**What is expected**
Exact copy, pictures excluded: the lines from the one containing "I just think" to the end of the listing.

**Given data**
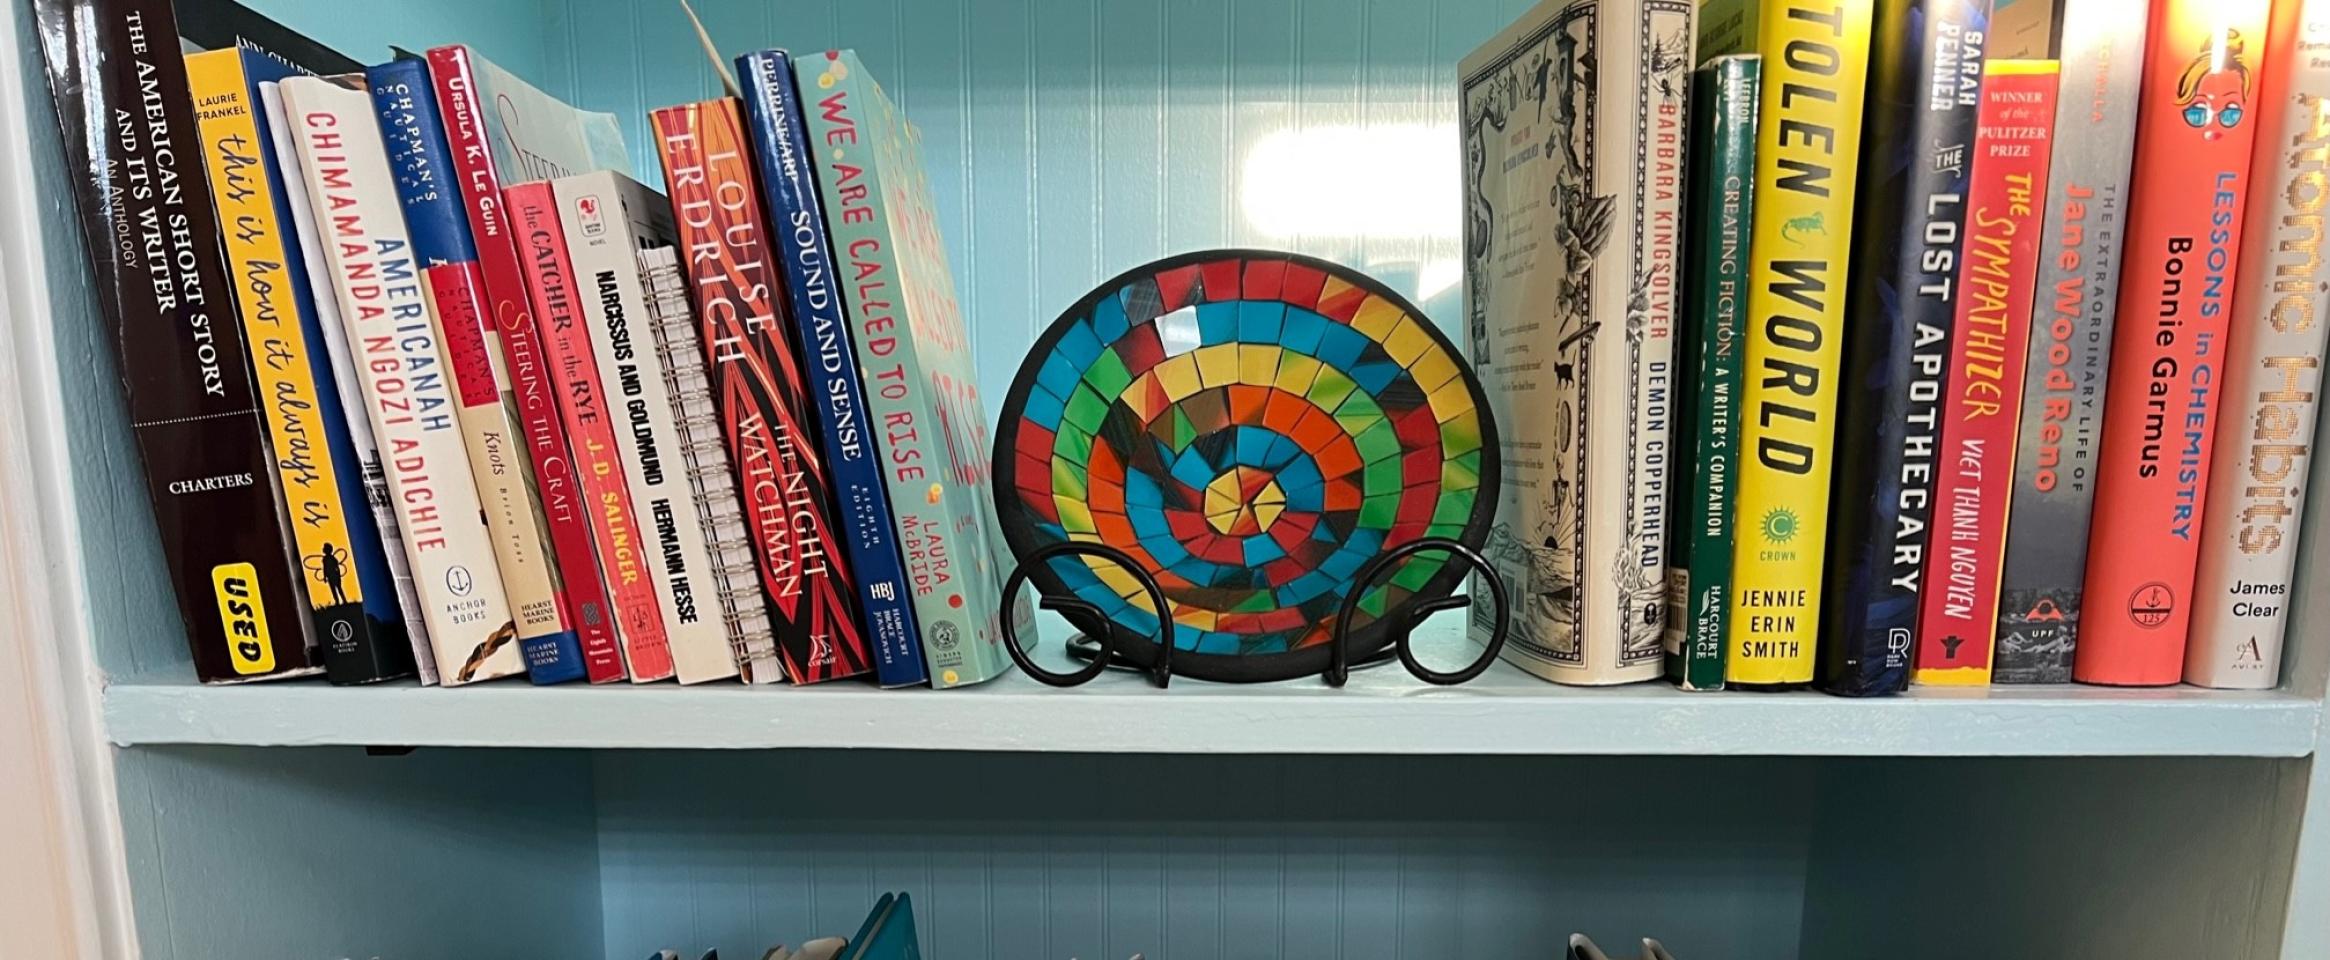 Rectangular photo of Ginger Pinholster’s office bookshelf containing a variety of narratives by and about people living on the edges of society, including some with mental illness. Photo credit Ginger Pinholster.
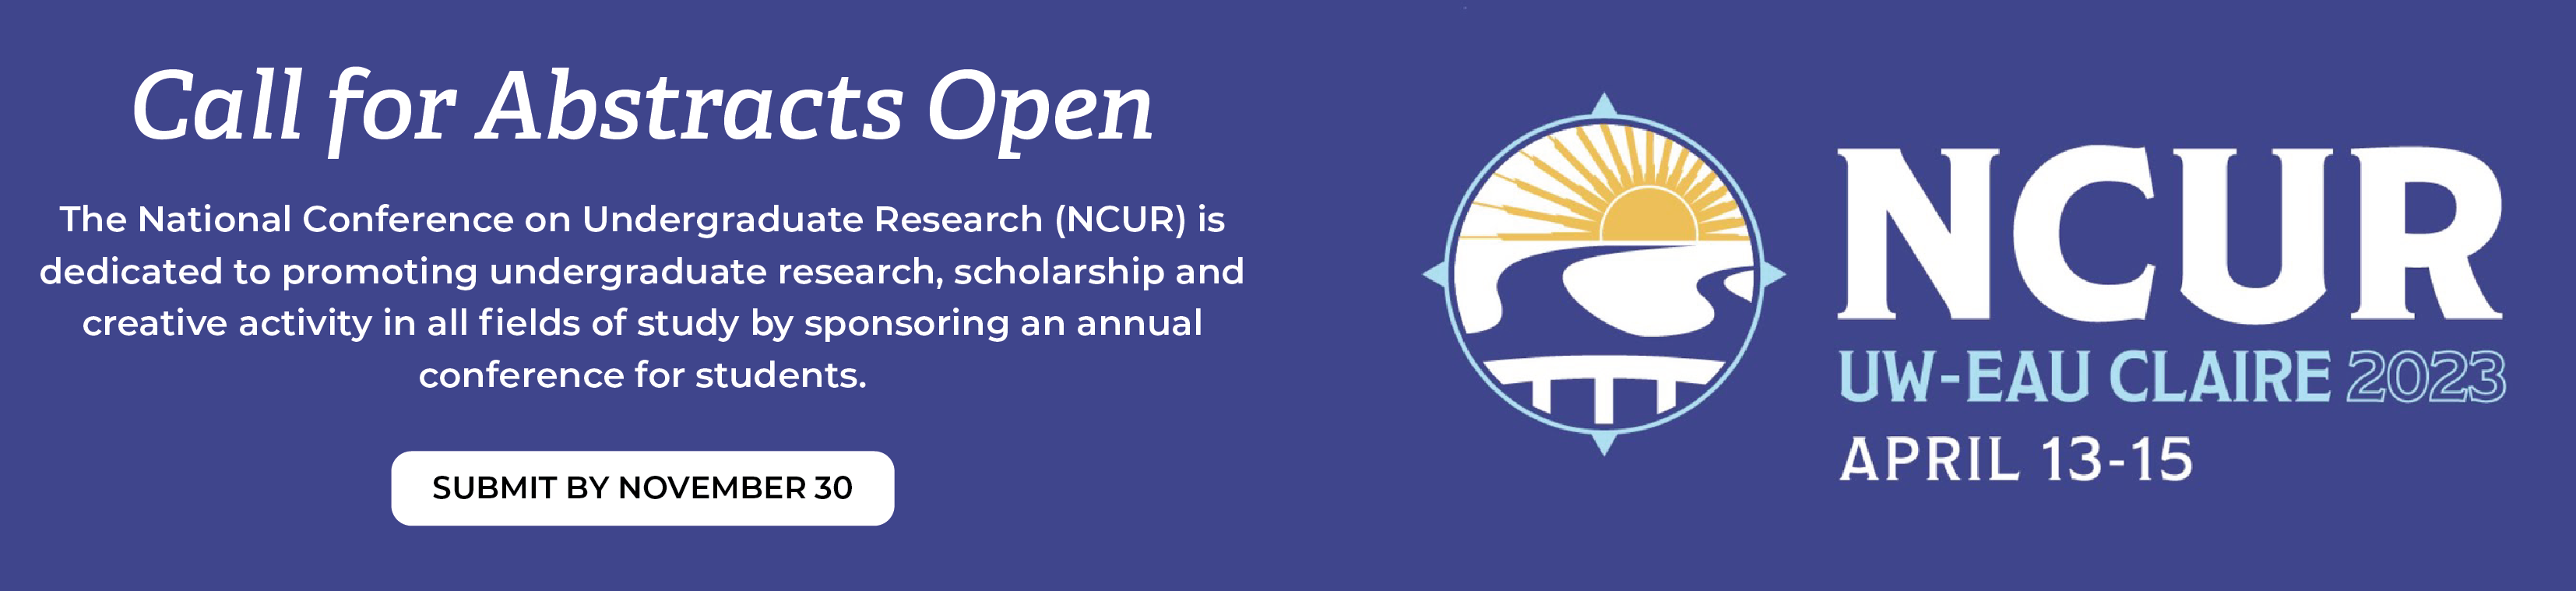 NCUR call for abstracts open
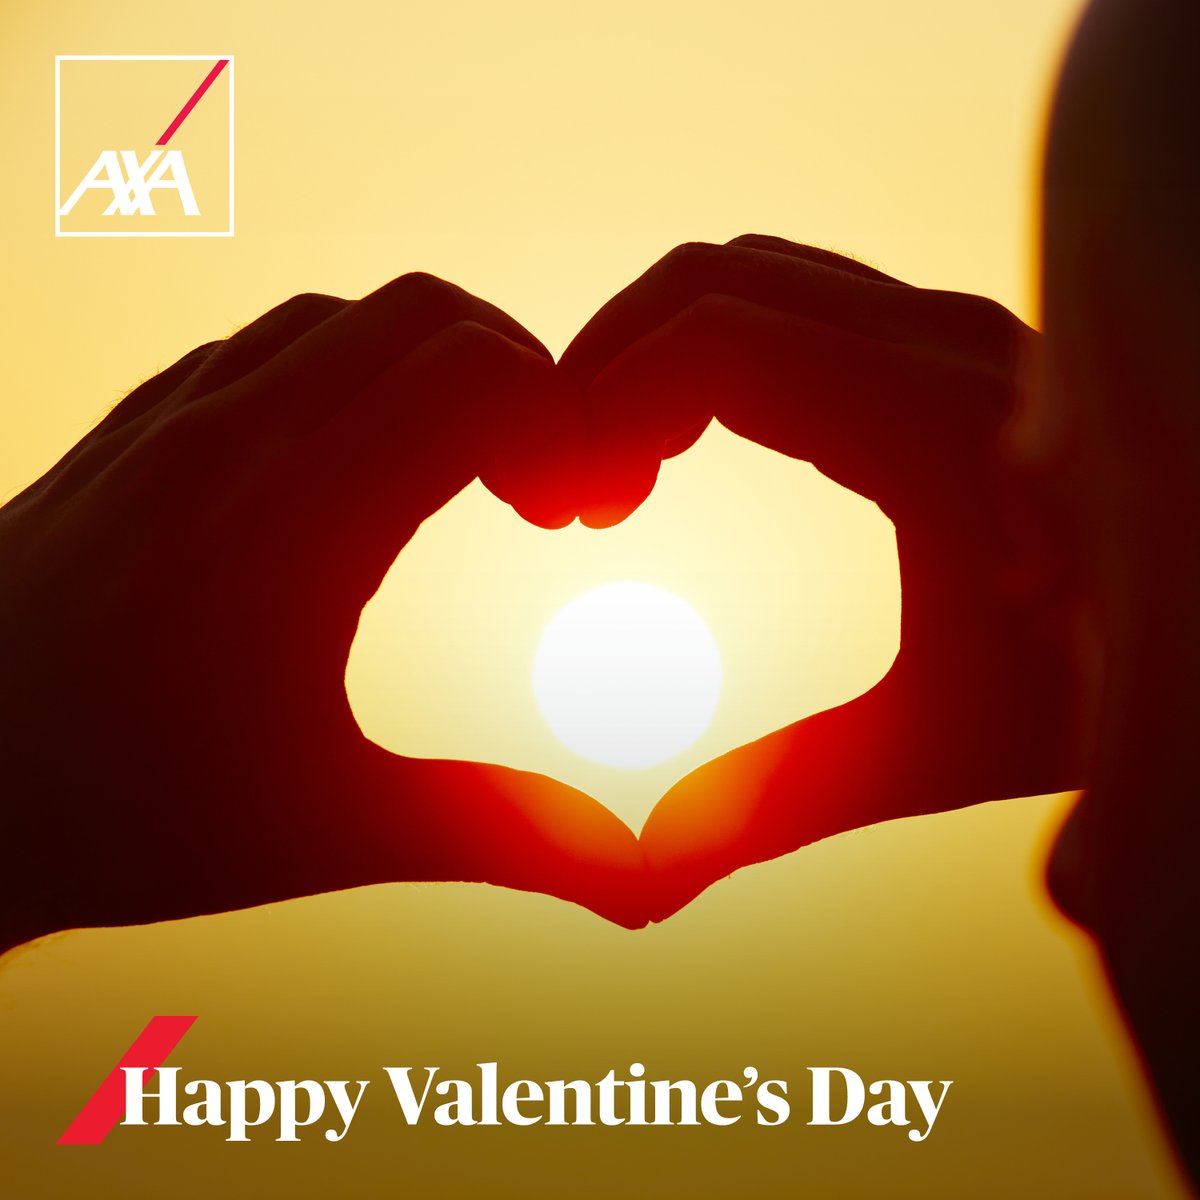 Today is Valentine's day - a great reason for letting the people closest to you know how much you love and appreciate them. Happy Valentine's Day #KnowYouCan #ShareTheLove
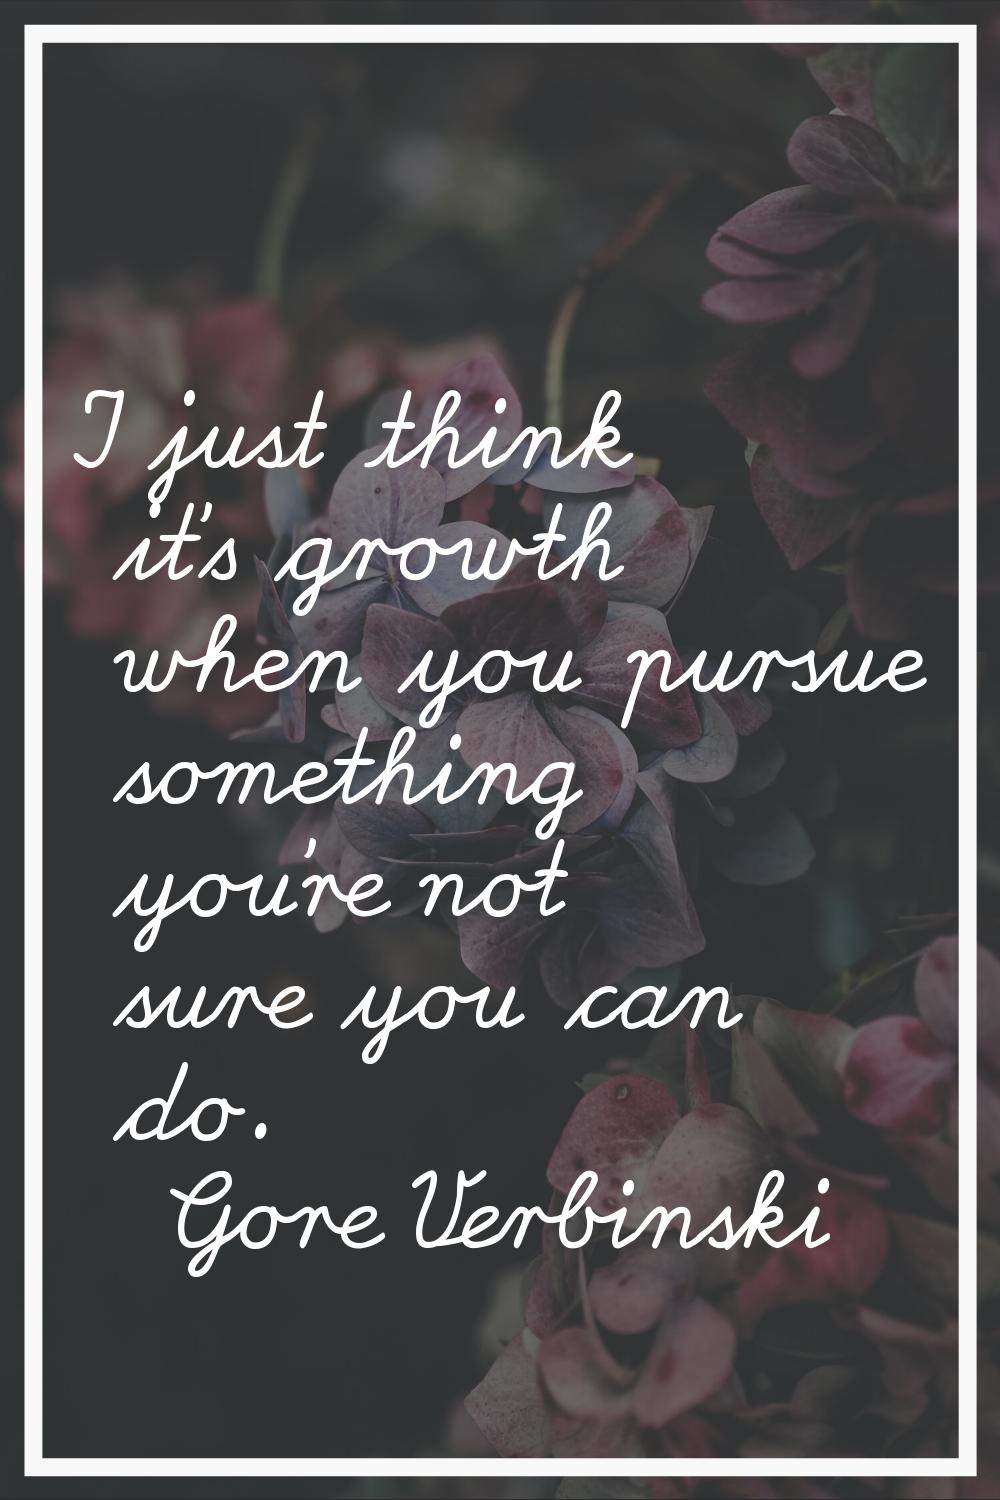 I just think it's growth when you pursue something you're not sure you can do.
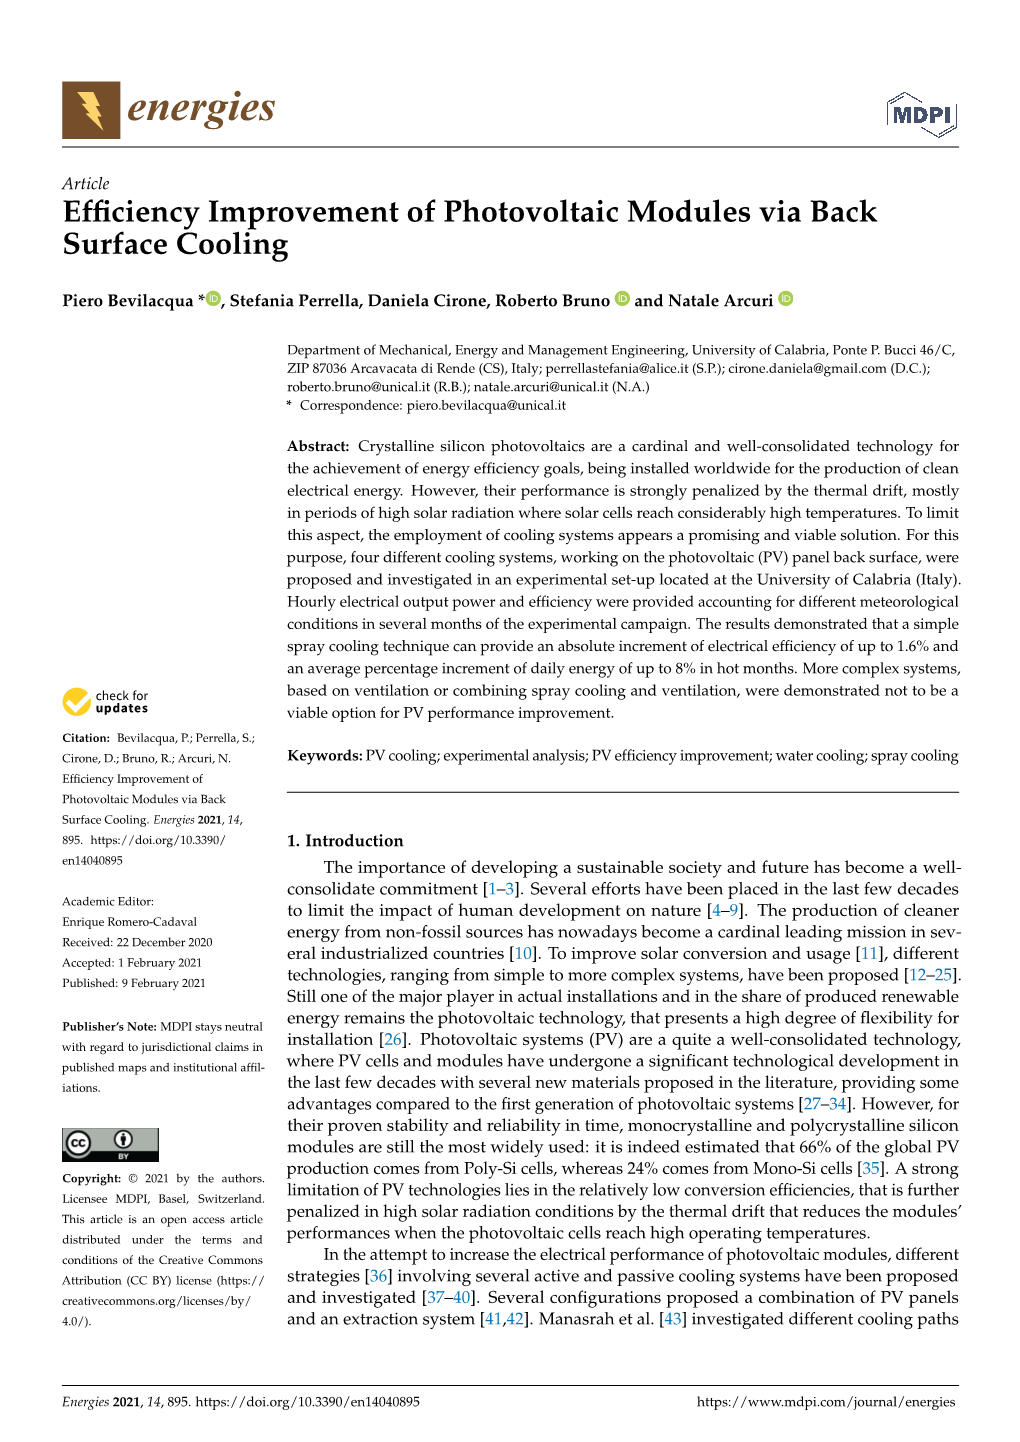 Efficiency Improvement of Photovoltaic Modules Via Back Surface Cooling

**Task answer**
 I just think it's growth when you pursue something you're not sure you can do.
 Efficiency Improvement of Photovoltaic Modules Via Back Surface Cooling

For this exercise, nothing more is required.